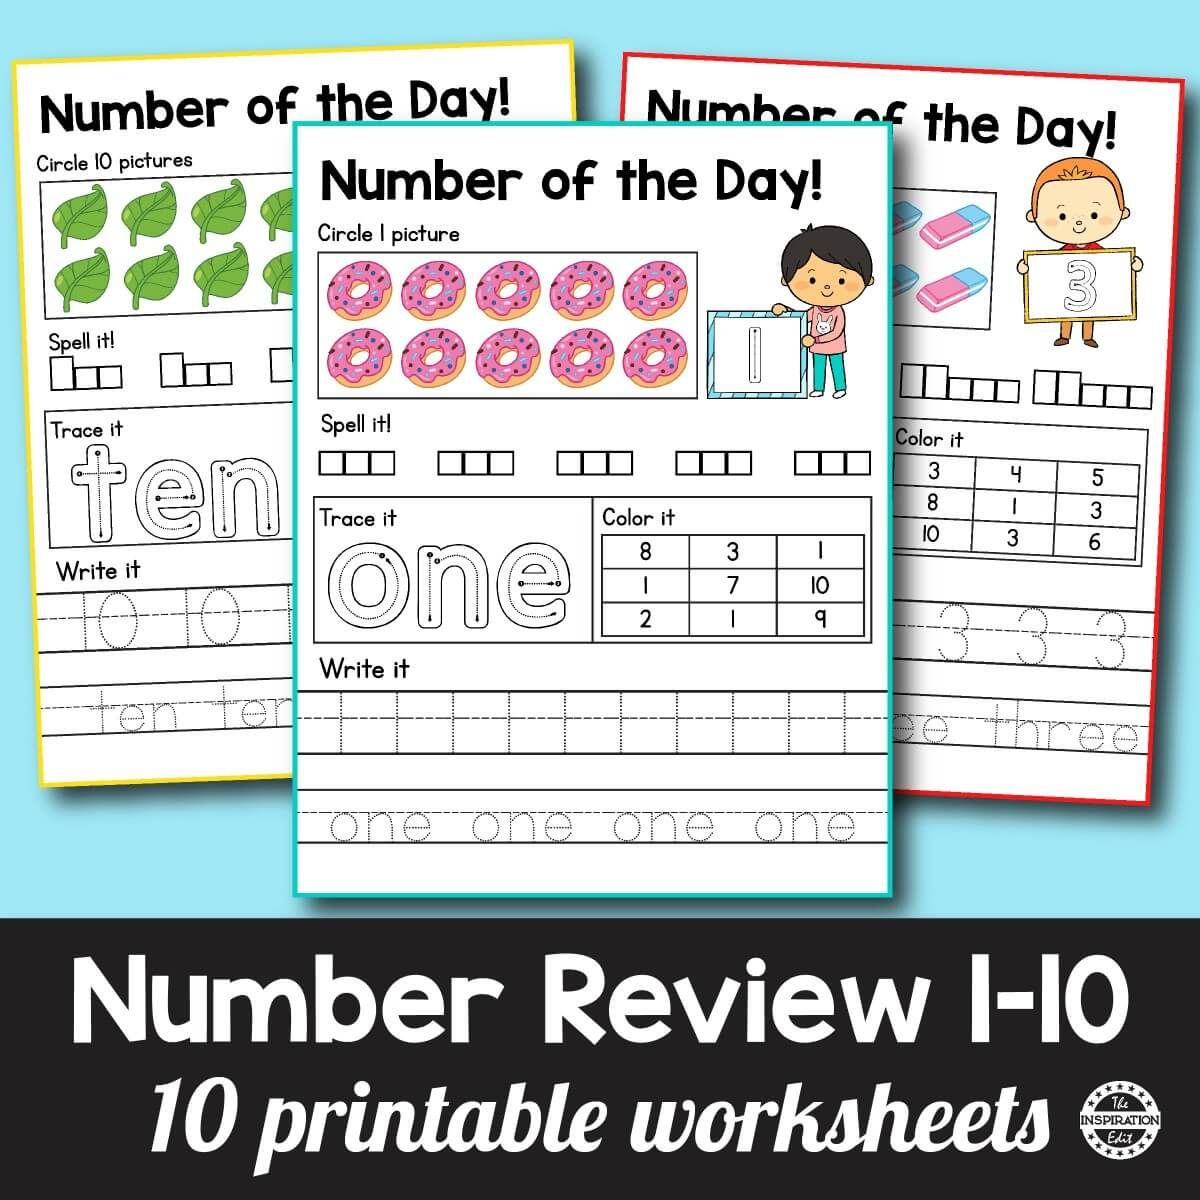 Fantastic Number Of The Day Preschool Worksheets
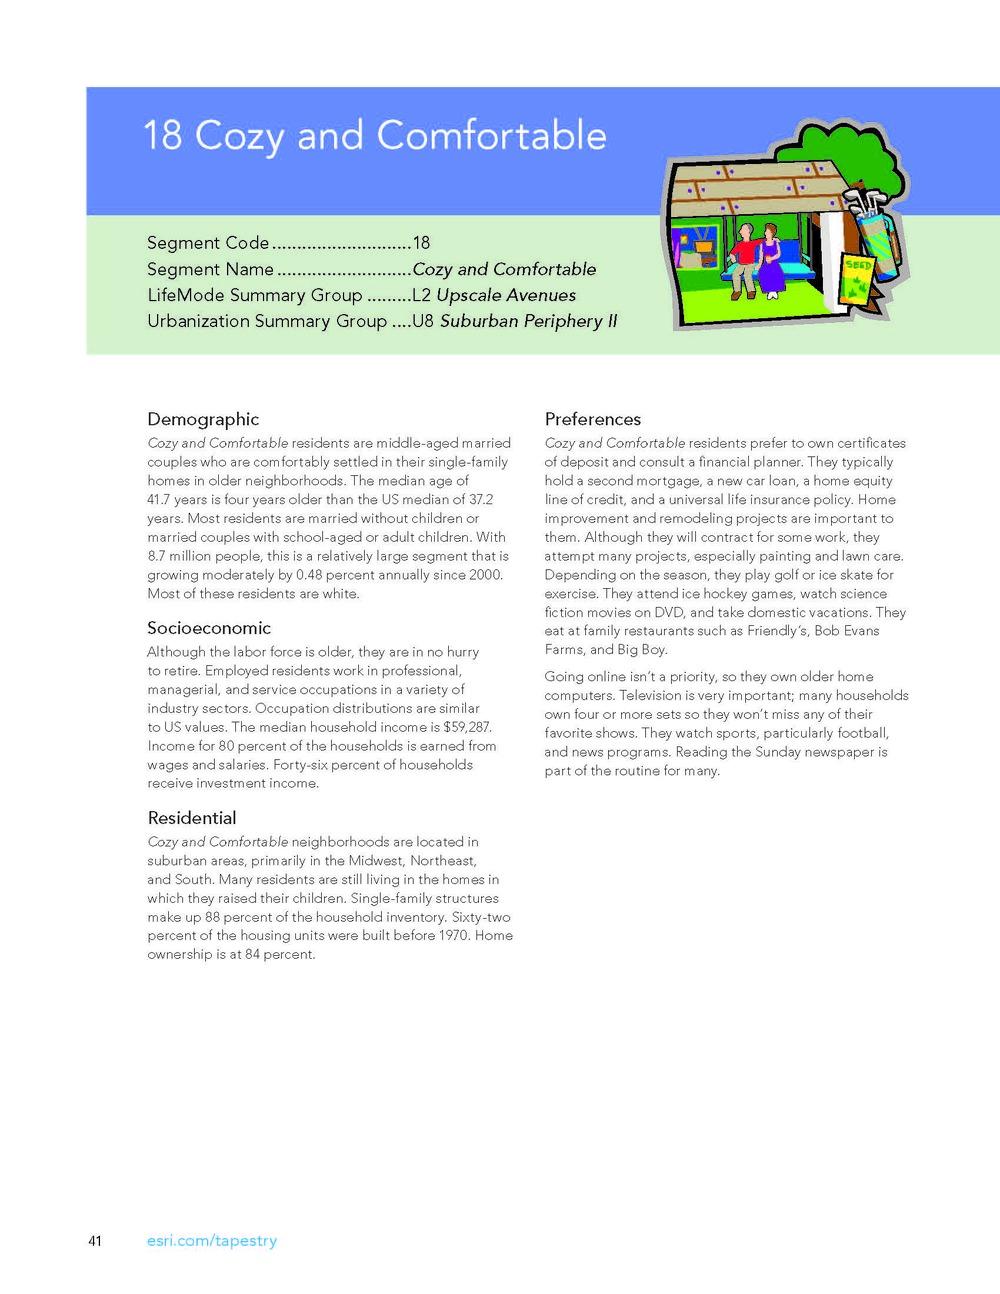 tapestry-segmentation_Page_44.jpg
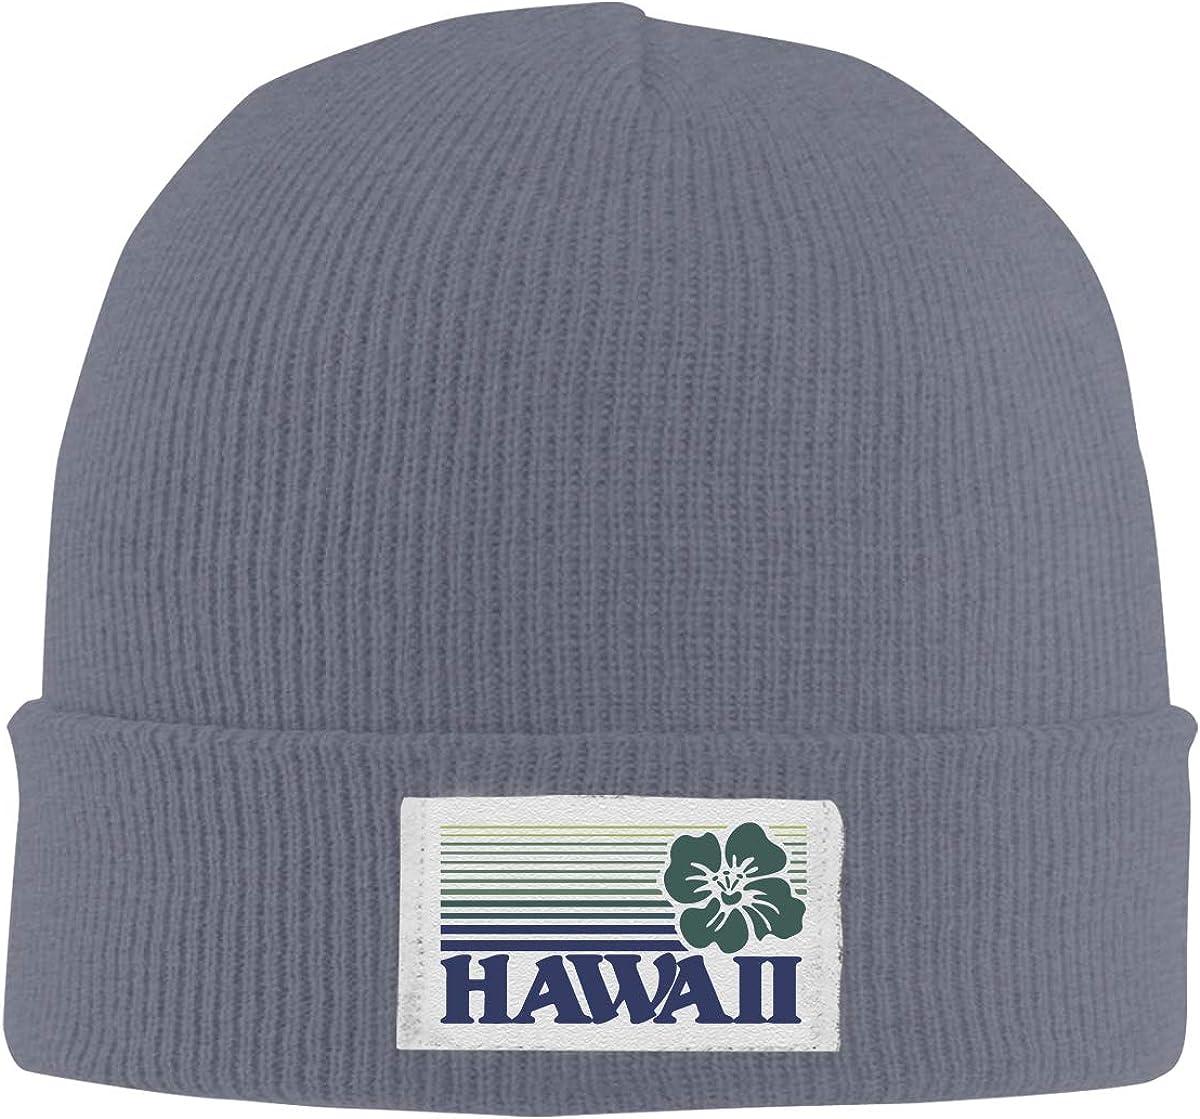 ASDGEGASFAS Unisex Hawaii Skull Cap Knit Wool Beanie Hat Stretchy Solid Daily Wear
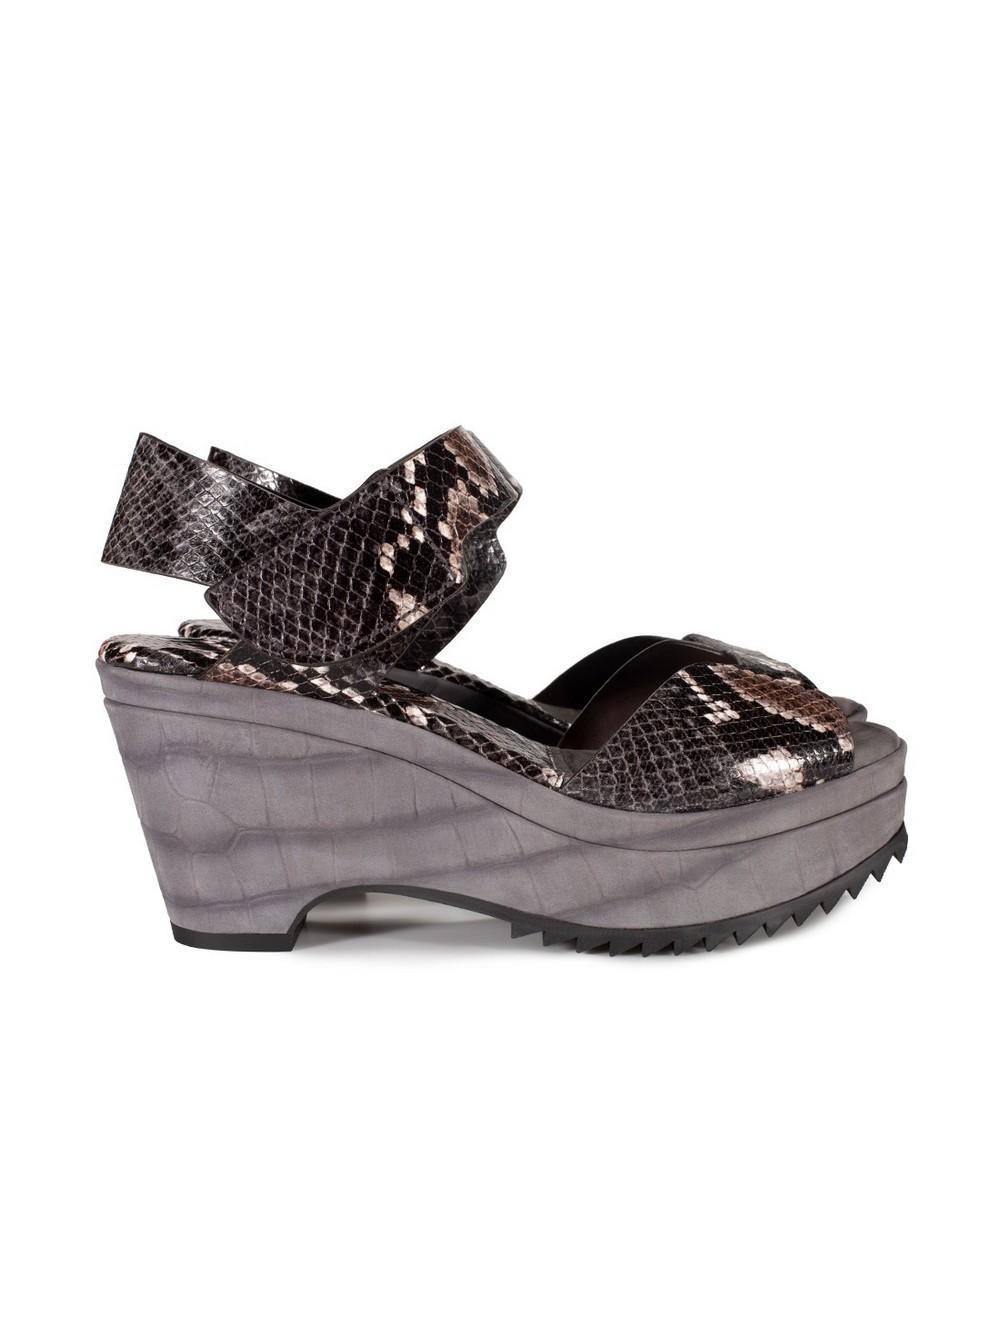 Fah Python Sandal
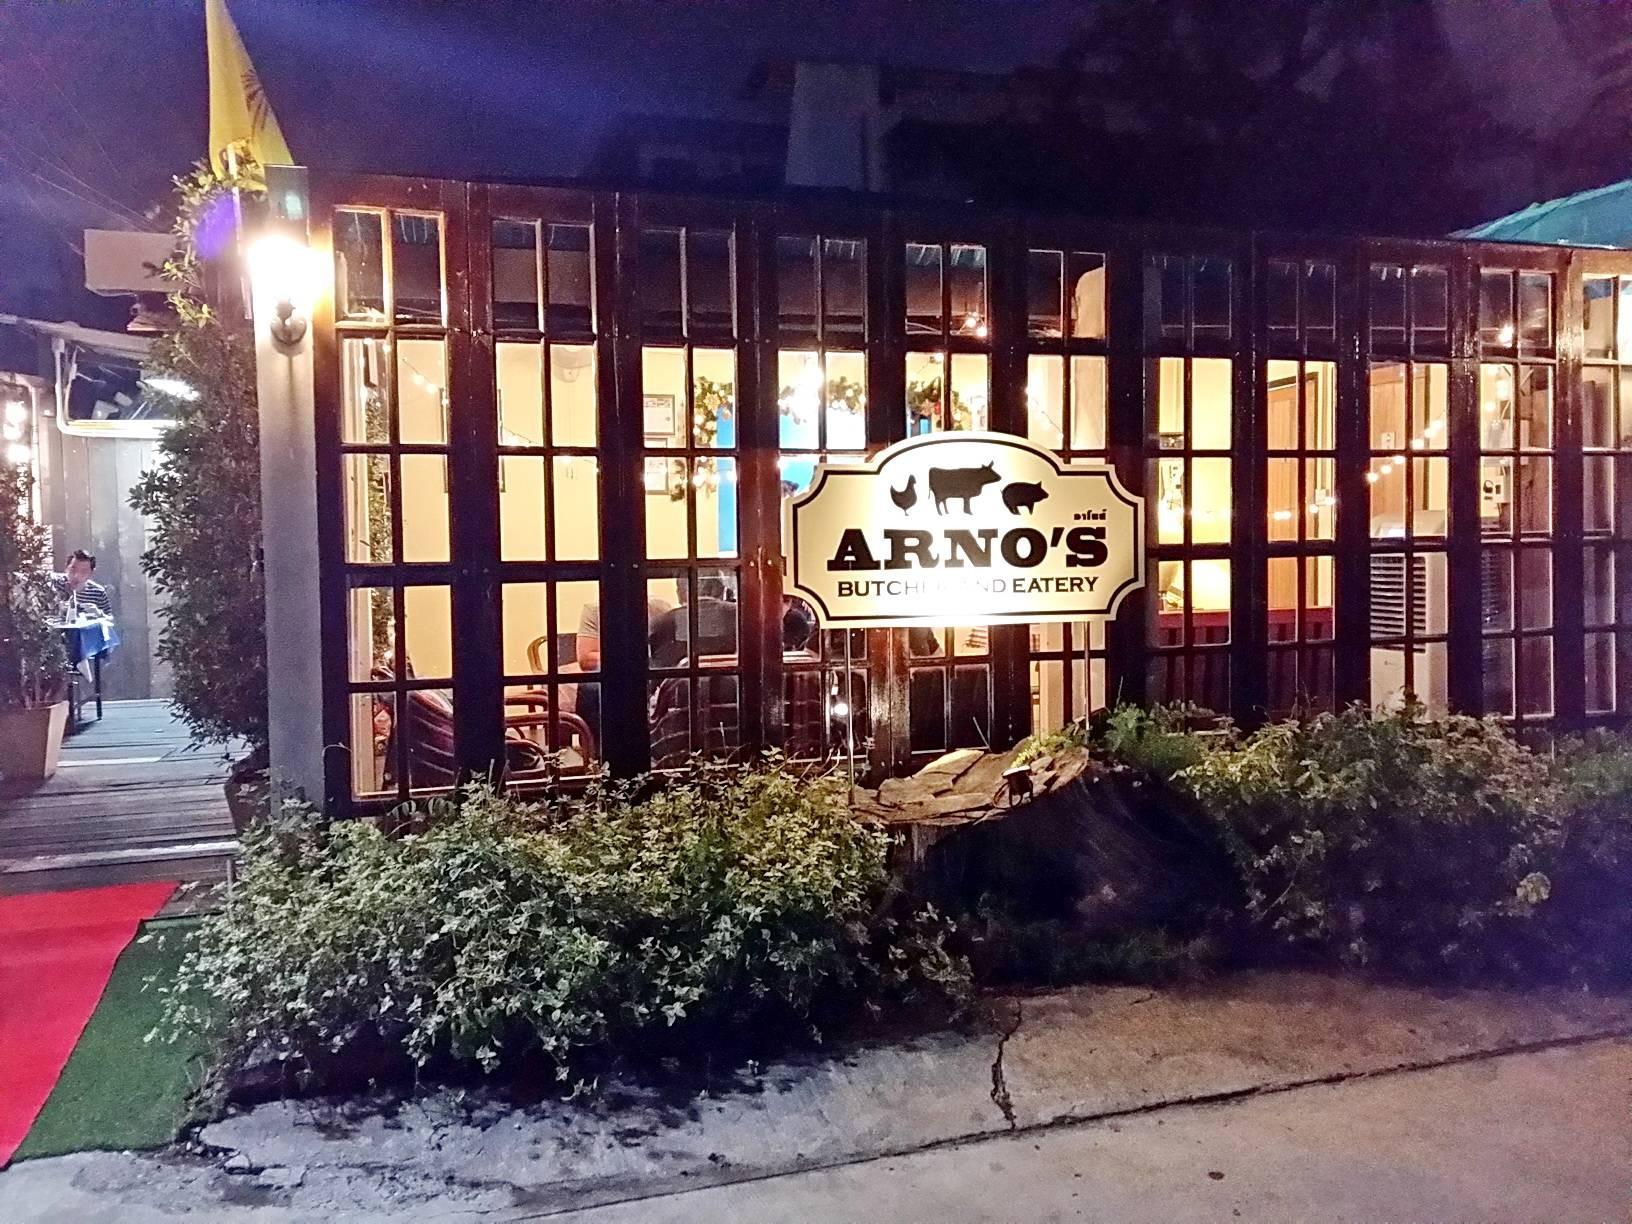 Arno's Butcher and Eatery ซอย นราธิวาสราชนครินทร์ 20
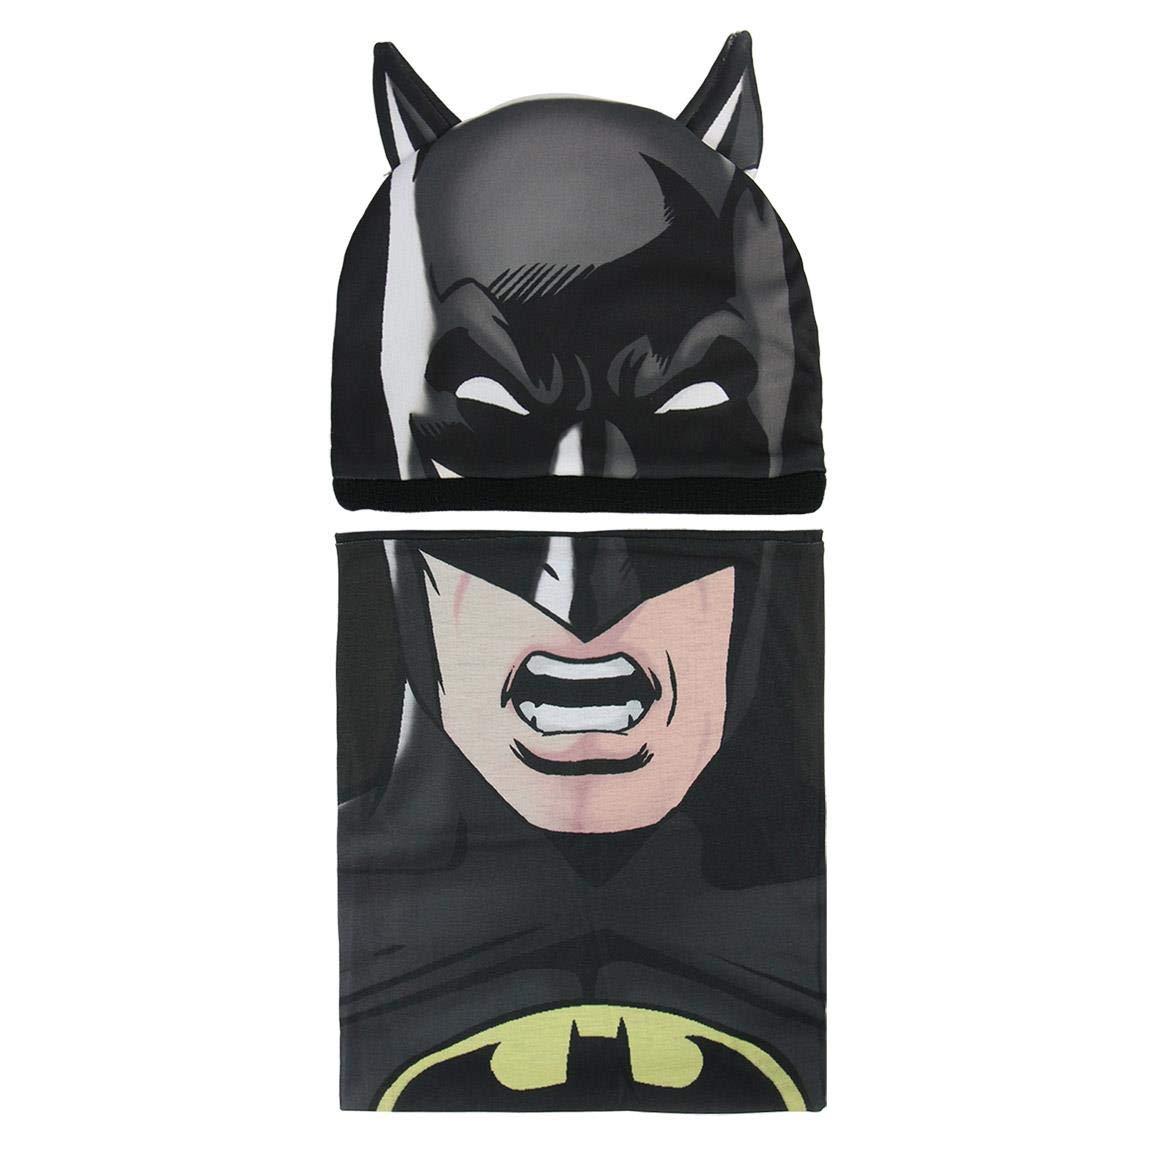 Cerdá Boy's Conjunto 2 Piezas Batman Scarf, Hat and Glove Set, Black (Negro 001), One Size (Manufacturer Size: Única) 2200003296

________________________

## Task details
Copy every record exactly, leaving the pictures out.

## Completed exercise
 Fantastic Number Of The Day Preschool Worksheets
 tapestry-segmentation_Page_44.jpg
 ASDGEGASFAS Unisex Hawaii Skull Cap Knit Wool Beanie Hat Stretchy Solid Daily Wear
 Fah Python Sandal
 Arno's Butcher and Eatery ซอย นราธิวาสราชนครินทร์ 20
 Cerdá Boy's Conjunto 2 Piezas Batman Scarf, Hat and Glove Set, Black (Negro 001), One Size (Manufacturer Size: Única) 2200003296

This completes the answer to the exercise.